アセットアロケーションツール選びのポイントを以下にまとめました。

評価項目 チェックポイント
言語対応の有無 日本語対応か英語対応か。日本語対応があると初心者でも安心。
機能の充実度 資産配分のシミュレーション、リスク分析、パフォーマンス追跡、バックテストなど、必要な機能が備わっているか。
データ連携のしやすさ 証券口座や銀行口座、クレジットカードなどの金融情報と連携できるか。
ユーザーインターフェース(使いやすさ) 見やすく操作しやすいUIか、スマホアプリ対応か。使いづらいと続けるのが難しくなる。
コスト(費用) 無料で使える範囲がどこまでか、有料プランにどんな追加機能があるか。
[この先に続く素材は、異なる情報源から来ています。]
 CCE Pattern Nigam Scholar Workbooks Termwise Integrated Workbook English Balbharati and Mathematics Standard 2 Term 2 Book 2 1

費用対効果も考慮。
サポート体制 困ったときに問い合わせができるか、FAQやヘルプが充実しているか。
セキュリティ SSL暗号化やプライバシーポリシーがしっかりしているか。

上記のポイントを押さえると、目的やレベルに合った最適なツール選びができるでしょう。

【タイプ別】アセットアロケーションのポートフォリオ例

ここではタイプ別のアセットアロケーションのポートフォリオ例を紹介します。

紹介するタイプは以下の3つです。

・老後資金に備えたい方
・FIREを目指す方
・現状の資産を維持しておきたい

ひとつずつ確認しておきましょう。

老後資金に備えたい方

老後の生活資金を安定的に準備したい方は、リスクを抑えつつも、インフレに負けない程度の資産成長を目指します

老後資金は各家庭によって異なりますが、一つの目安として2,000万円問題が挙げられます。老後2,000万円問題とは、定年後の20年〜30年間の老後資金が公的年金では賄うことができず、約2,000万円近くショートすると金融審議会が発表した問題です。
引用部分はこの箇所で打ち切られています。